DIRECTIONS: With the images removed, repeat the data below exactly.

PROVIDED DATA:
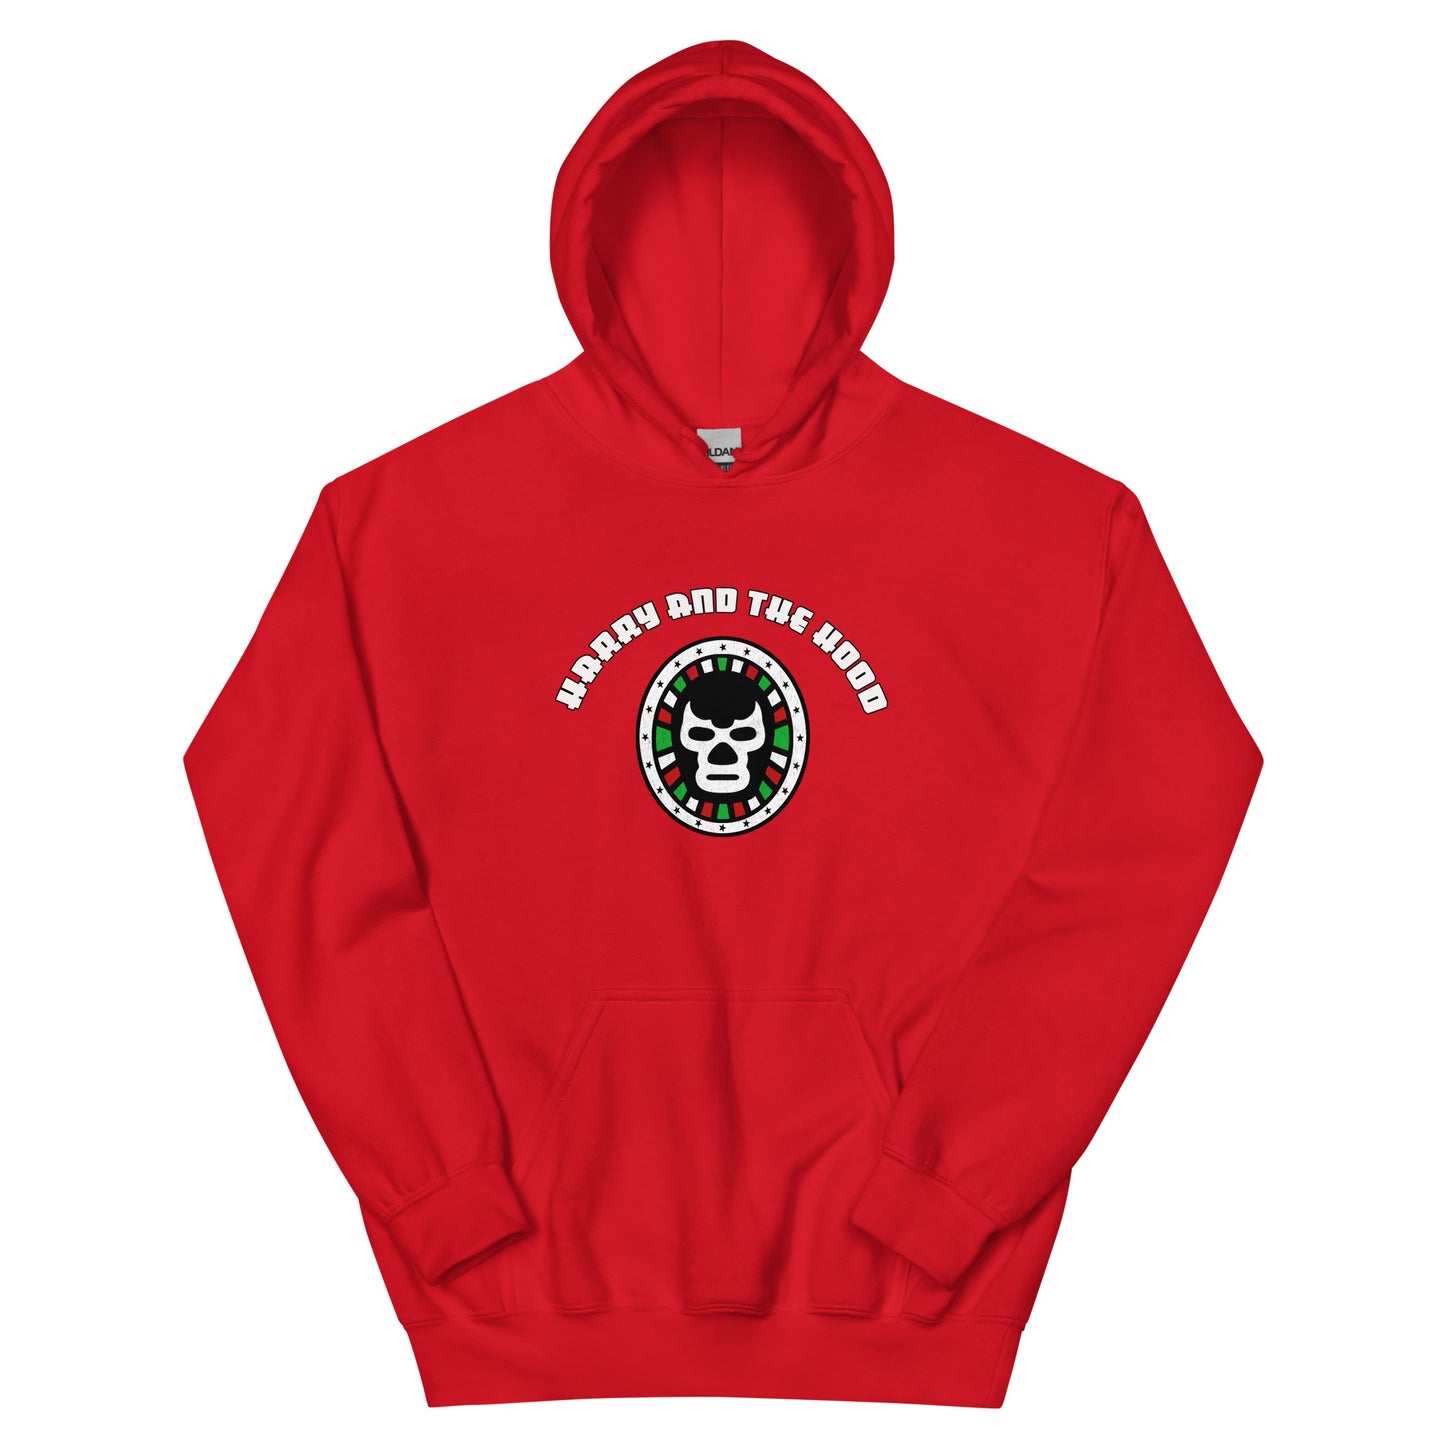 Harry and The Hood Lucha Libre Unisex Hoodie
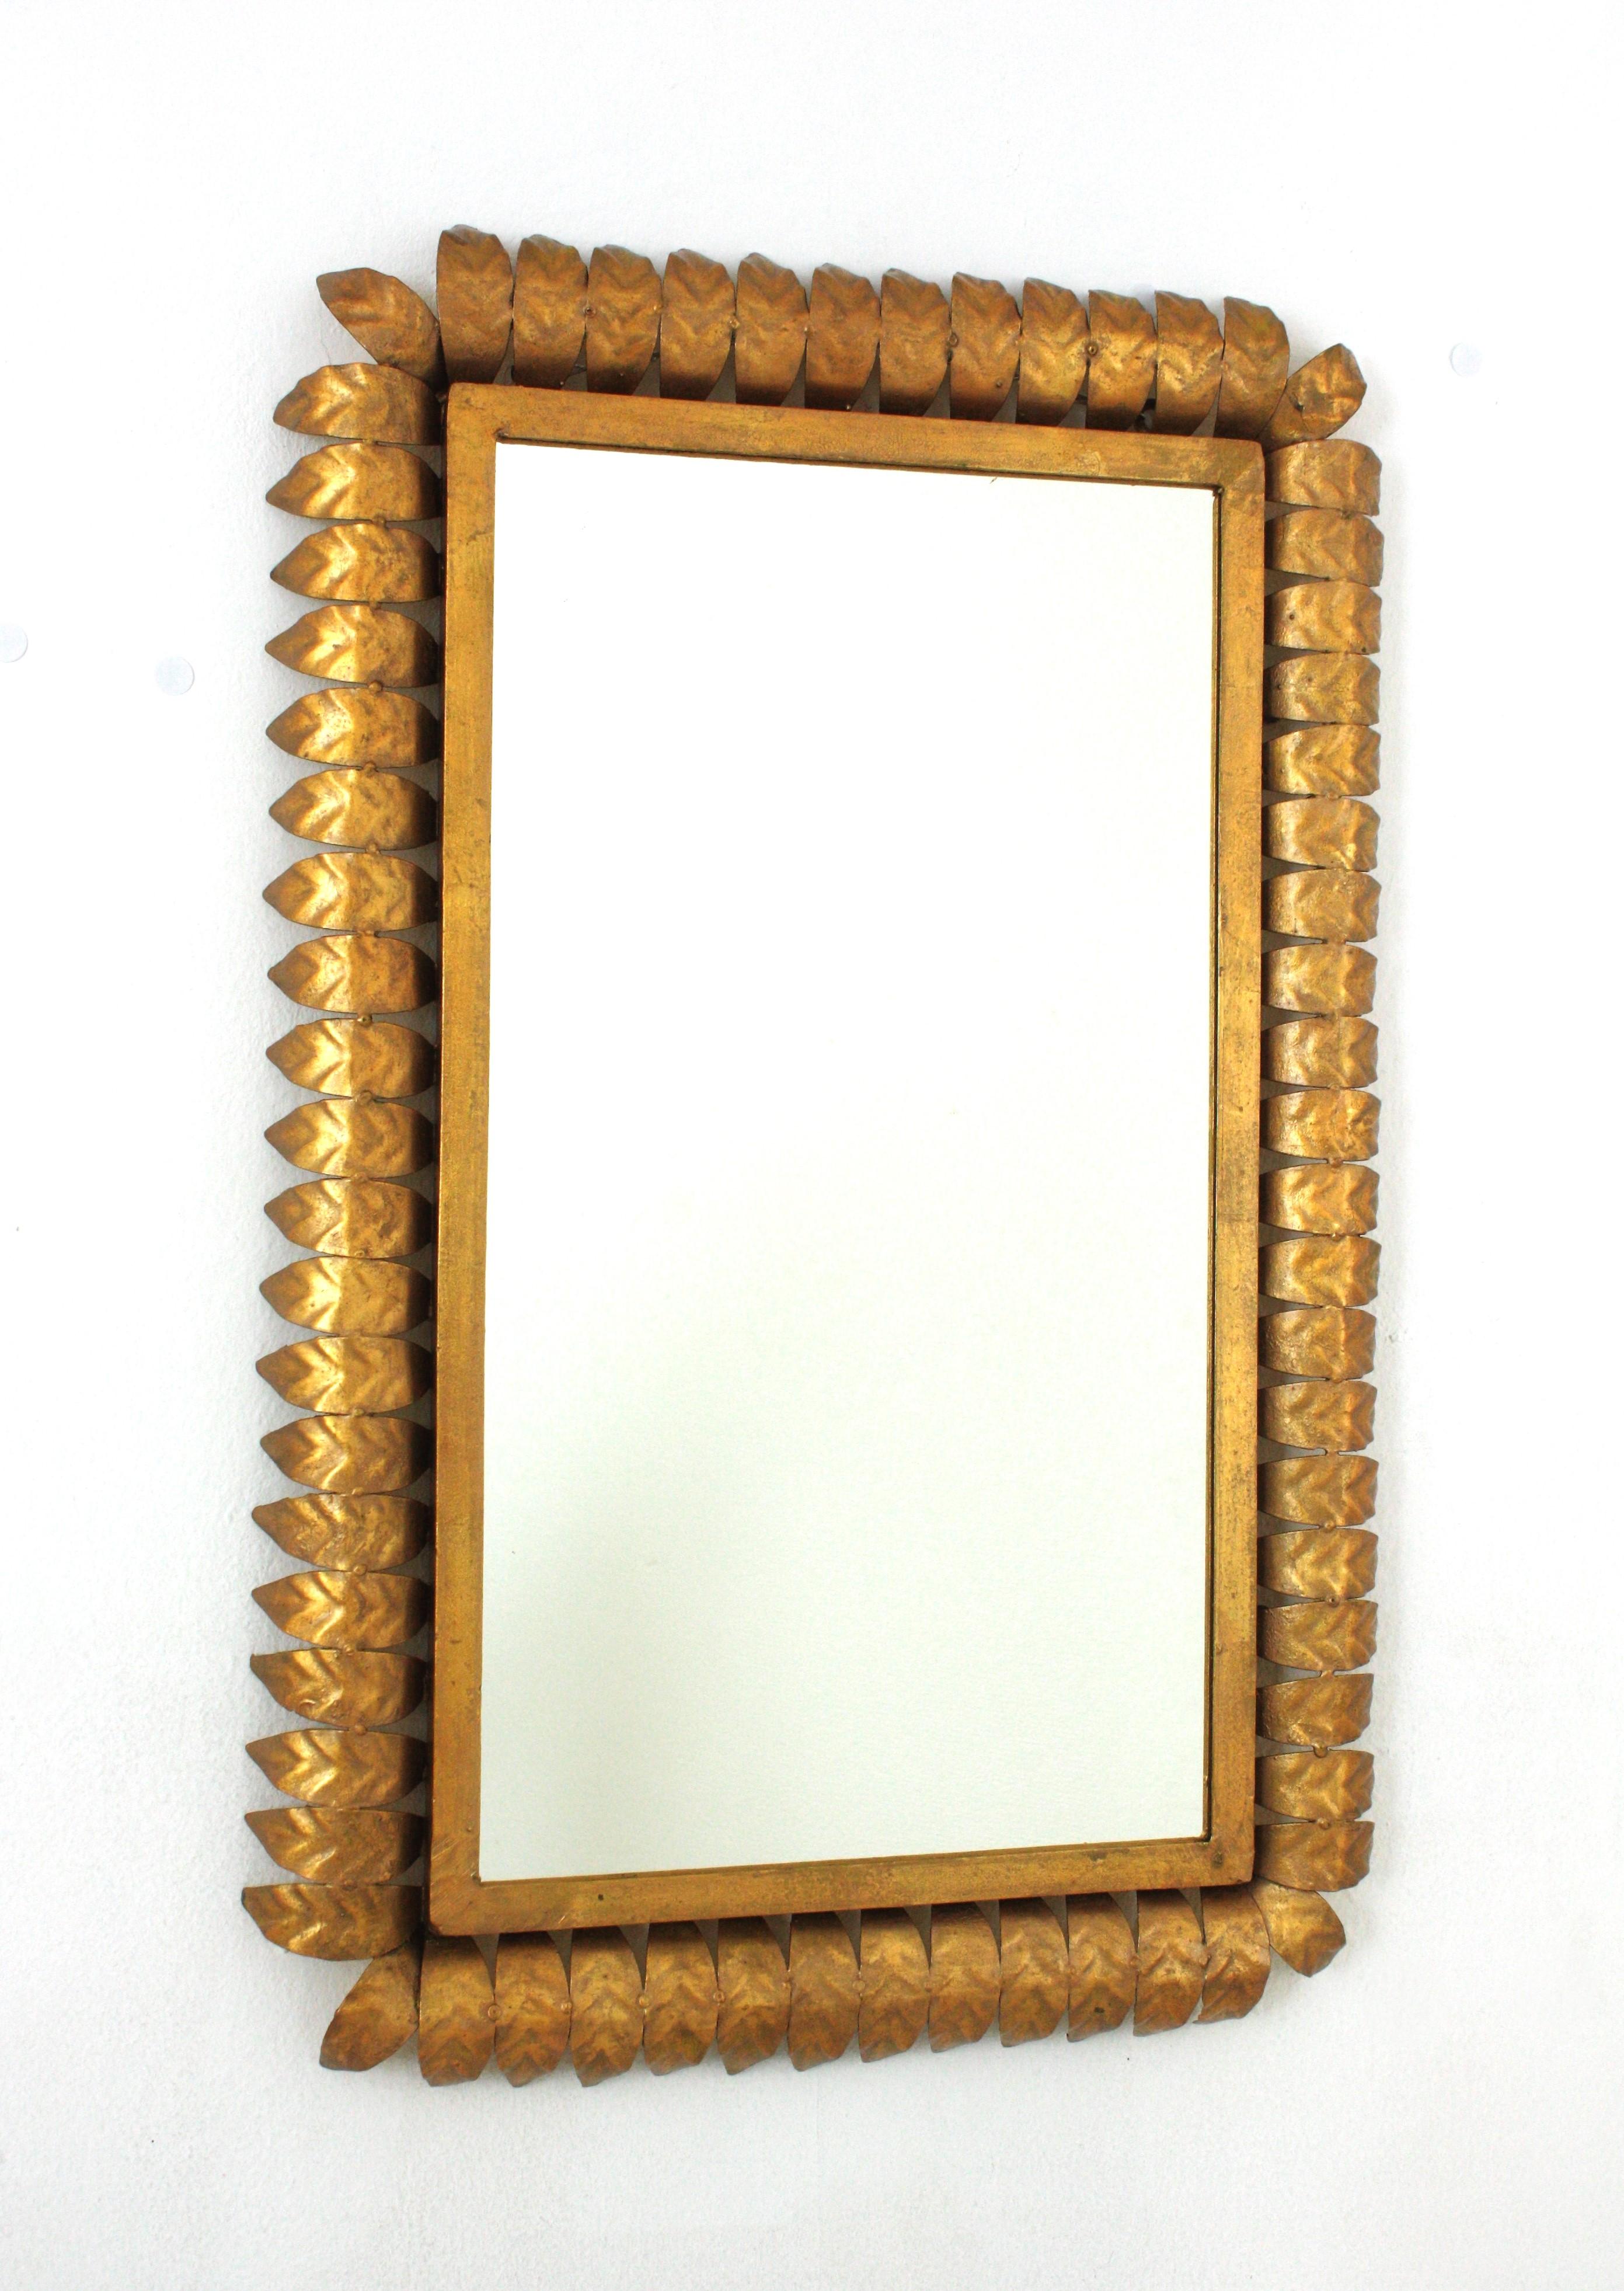 Wrought Gilt iron sunburst rectangular wall mirror with gold leaf finish, Spain, 1950s.
Highly decorative rectangular leaf framed sunburst mirror with gold leaf gilding.
Entirely made by hand. Twisted iron rope and eye-catching jagged edge

RESPONSE TO THIS TASK:
 Harry and The Hood Lucha Libre Unisex Hoodie
 Wrought Gilt iron sunburst rectangular wall mirror with gold leaf finish, Spain, 1950s.
Highly decorative rectangular leaf framed sunburst mirror with gold leaf gilding.
Entirely made by hand. Twisted iron rope and eye-catching jagged edge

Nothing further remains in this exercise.